--- DATA ---

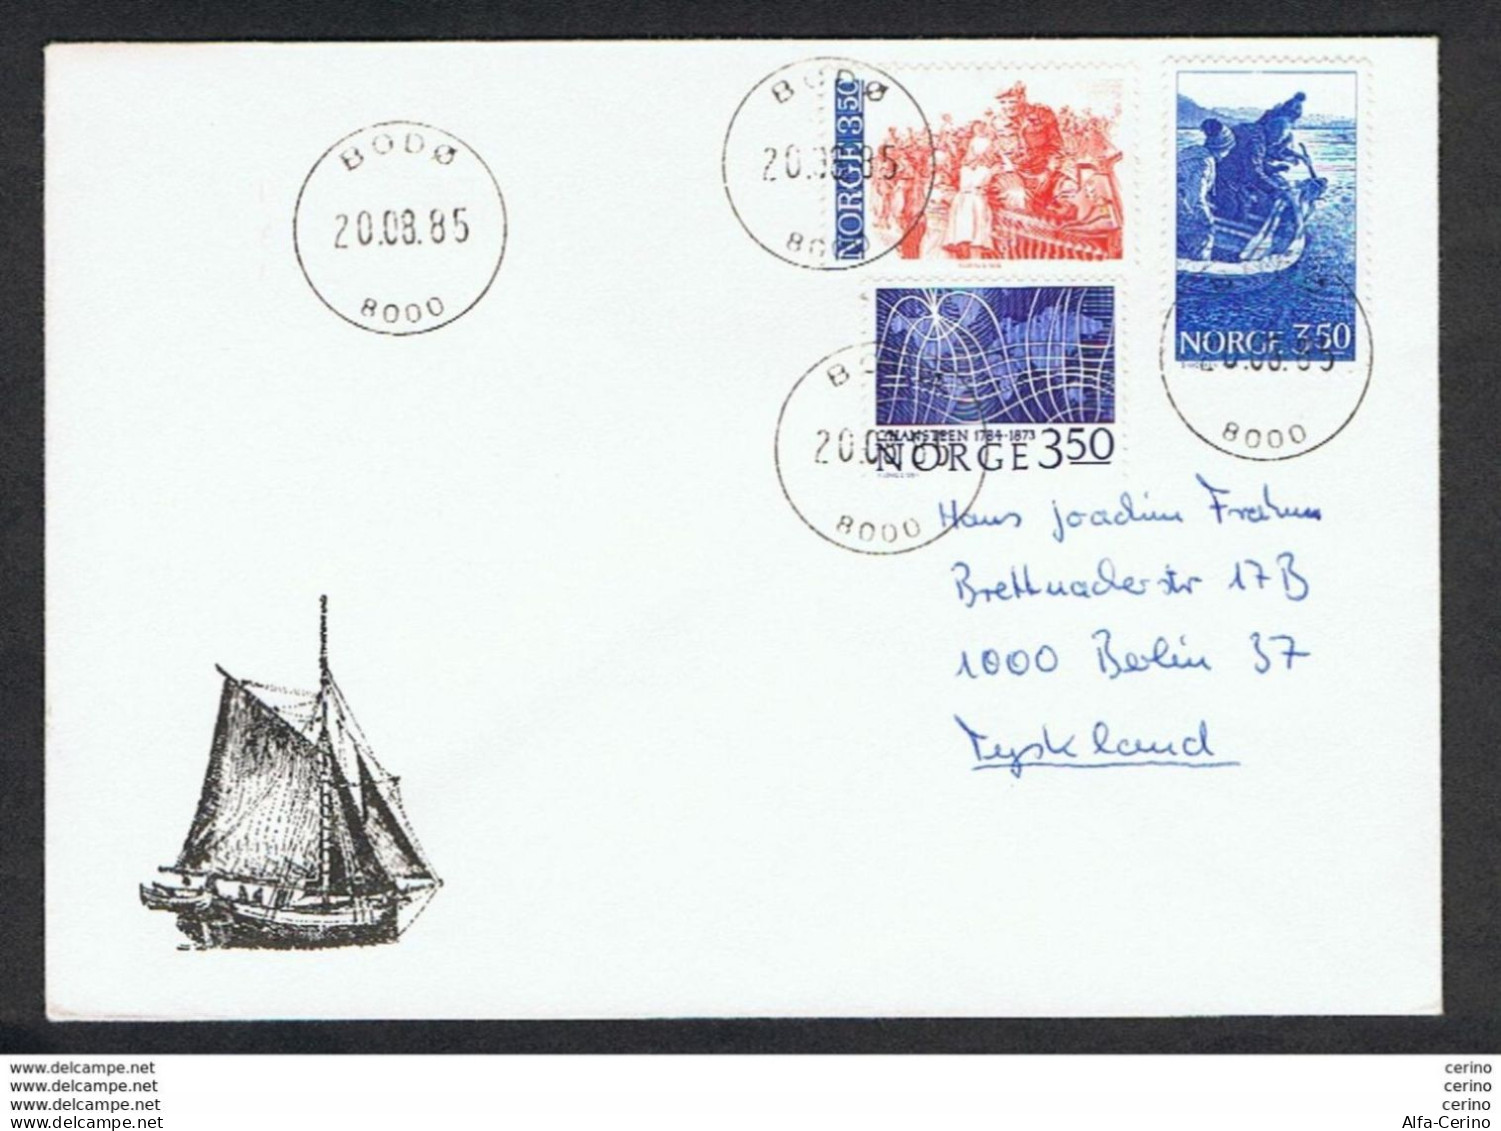 NORWAY: 20.08.1985 COVERT FROM BODO WITH:  3 K.50 + 3 K.50 + 3 K.50 (857 + 858 + 876) - TO GERMANY - Storia Postale
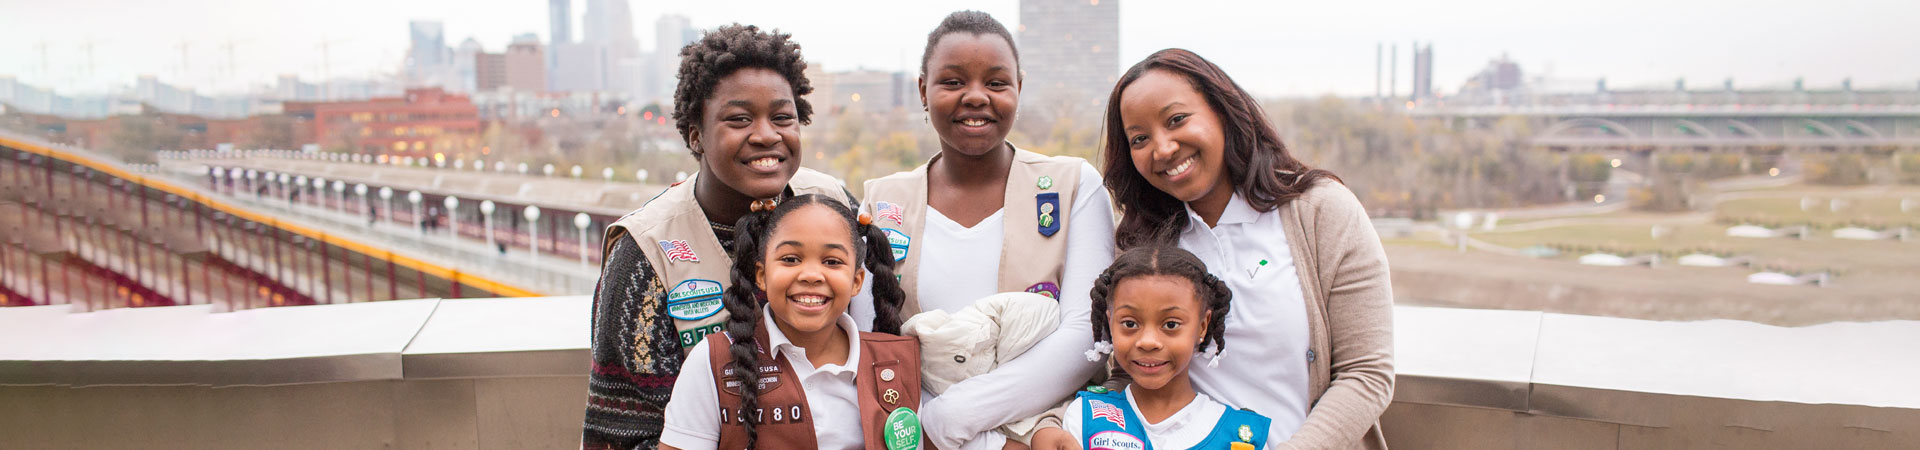  Girl Scout Family outside the Weisman Art Museum 
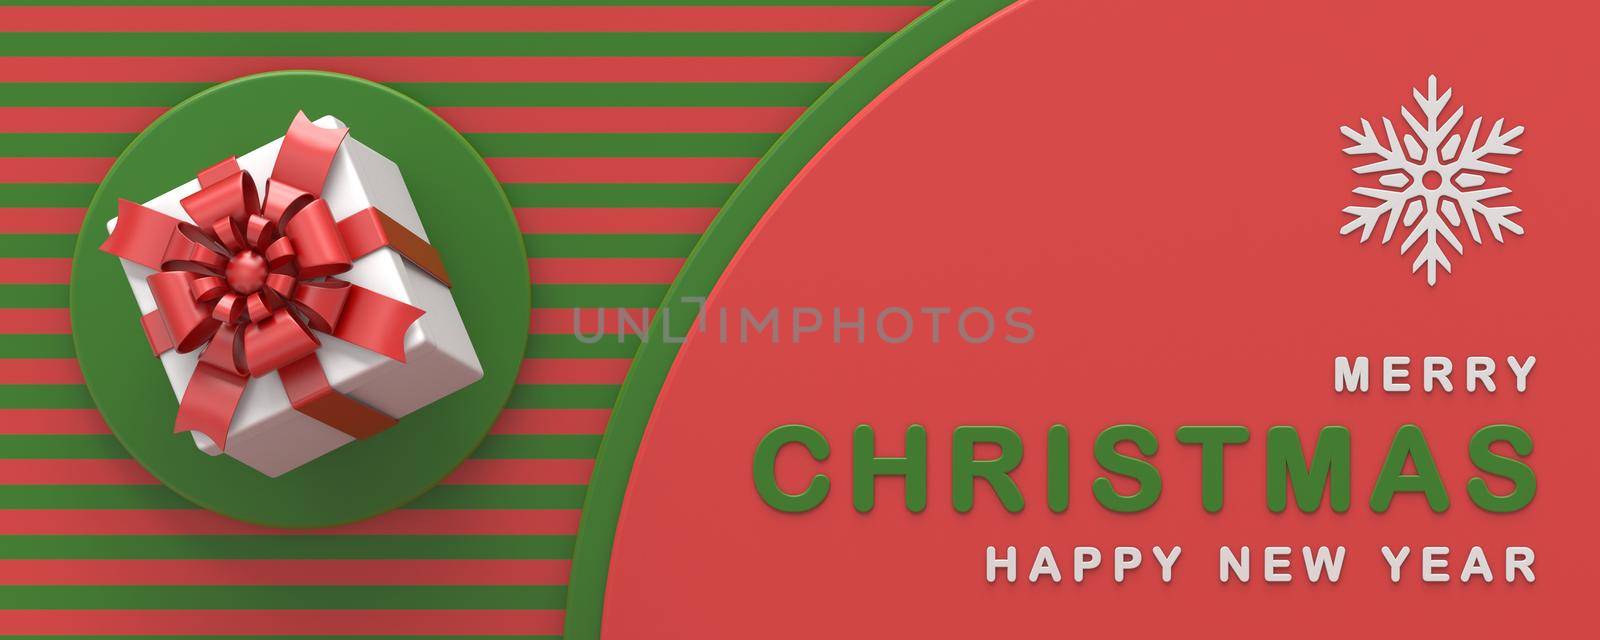 Gift box Merry Christmas and Happy New Year greeting 3D rendering illustration isolated on red background
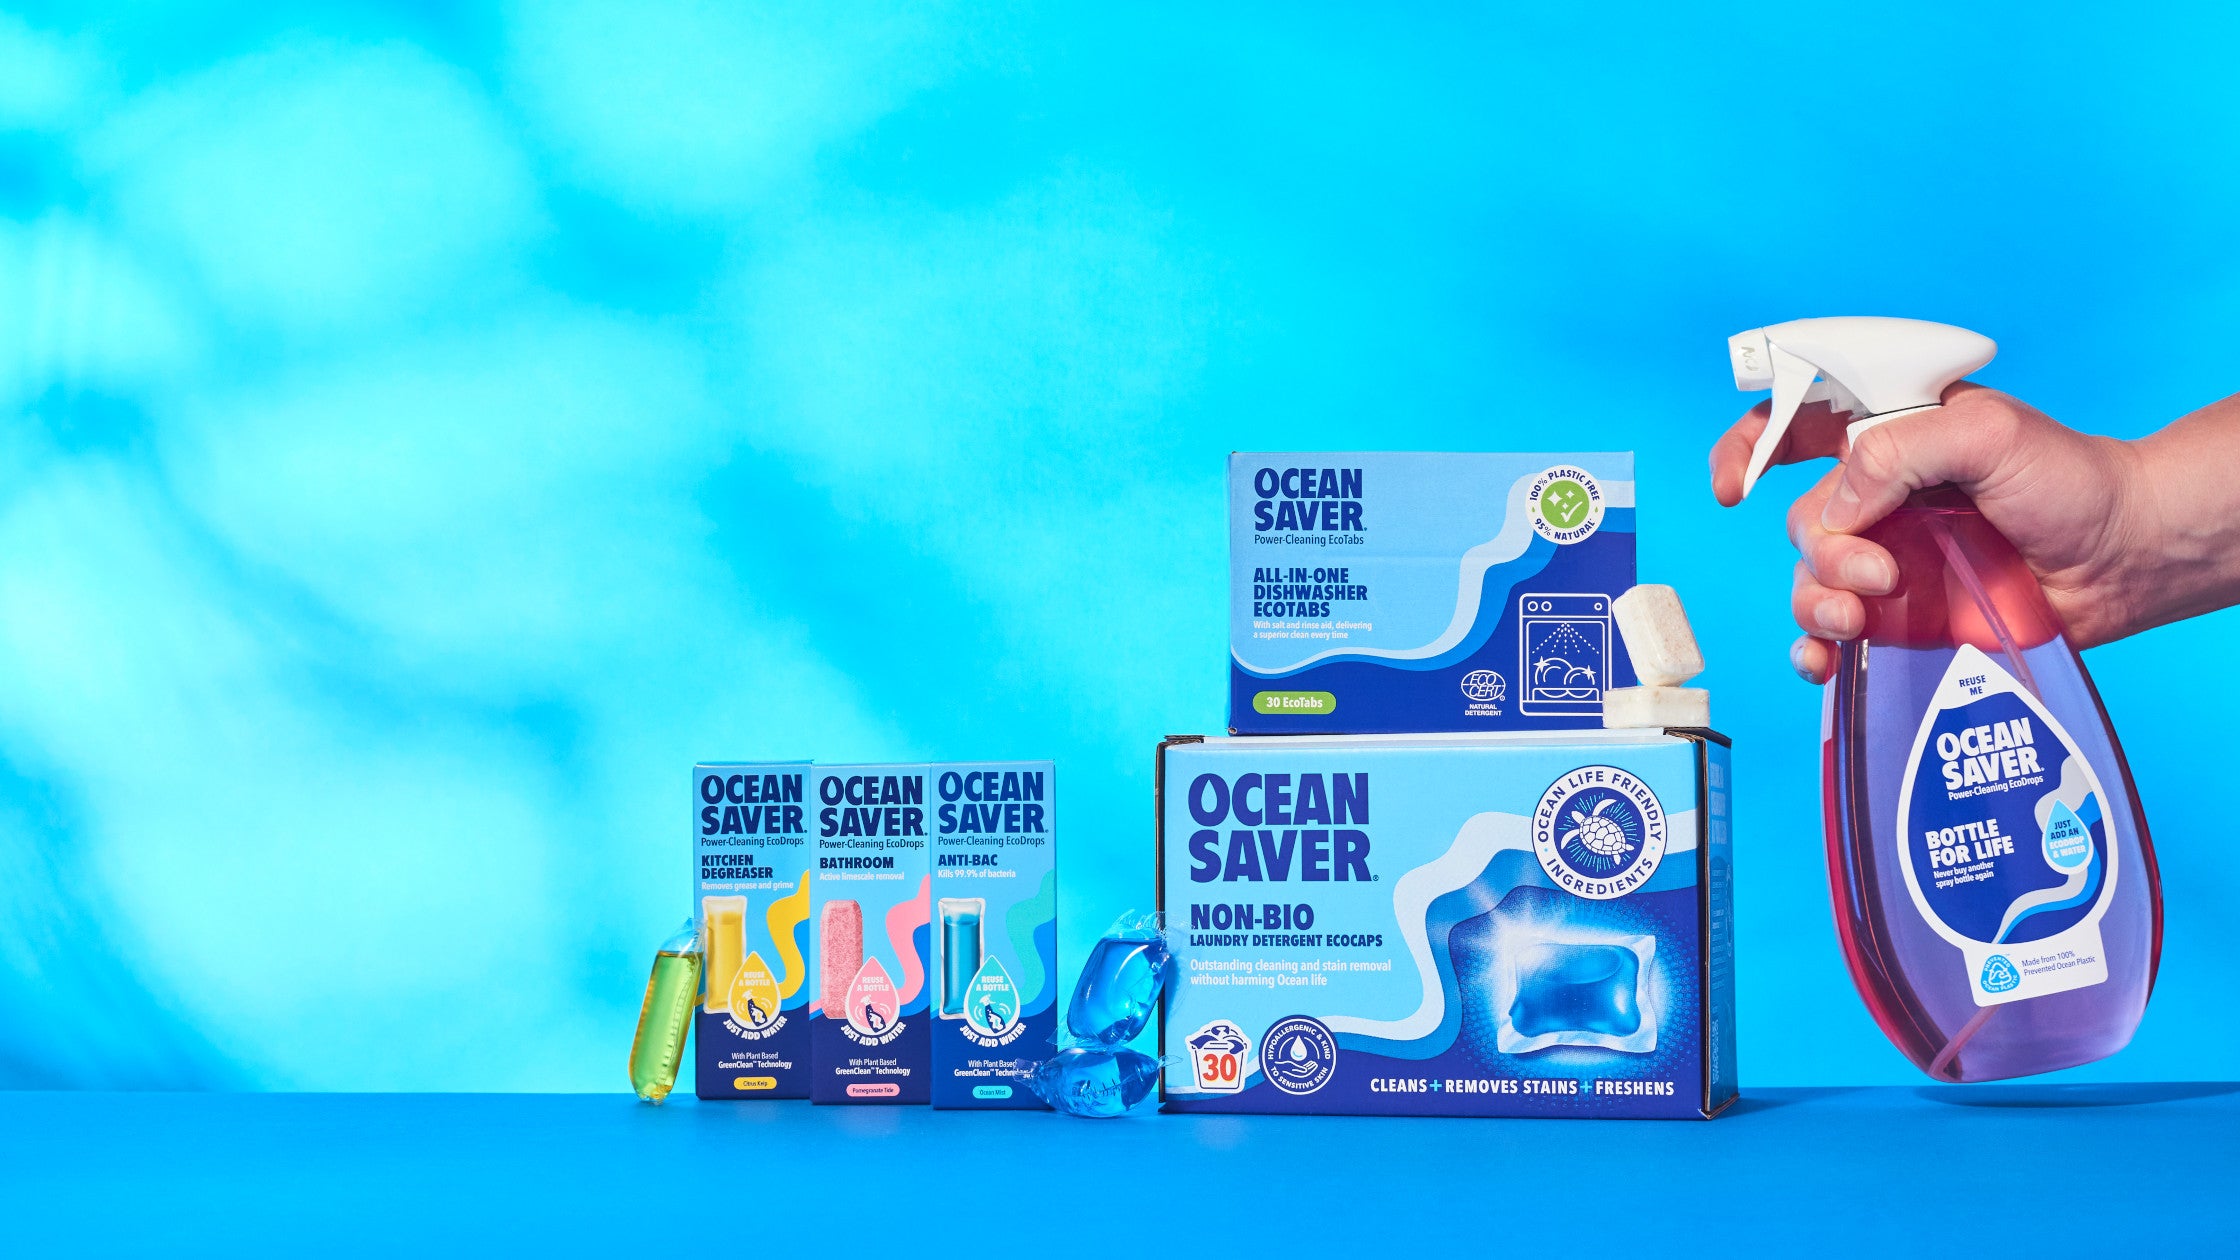 Clean Seas and Clean Homes with OceanSaver

---

The answer is the listing above restated word for word, pictures removed.

 NORWAY: 20.08.1985 COVERT FROM BODO WITH:  3 K.50 + 3 K.50 + 3 K.50 (857 + 858 + 876) - TO GERMANY - Storia Postale
  Girl Scout Family outside the Weisman Art Museum 
 Gift box Merry Christmas and Happy New Year greeting 3D rendering illustration isolated on red background
 Clean Seas and Clean Homes with OceanSaver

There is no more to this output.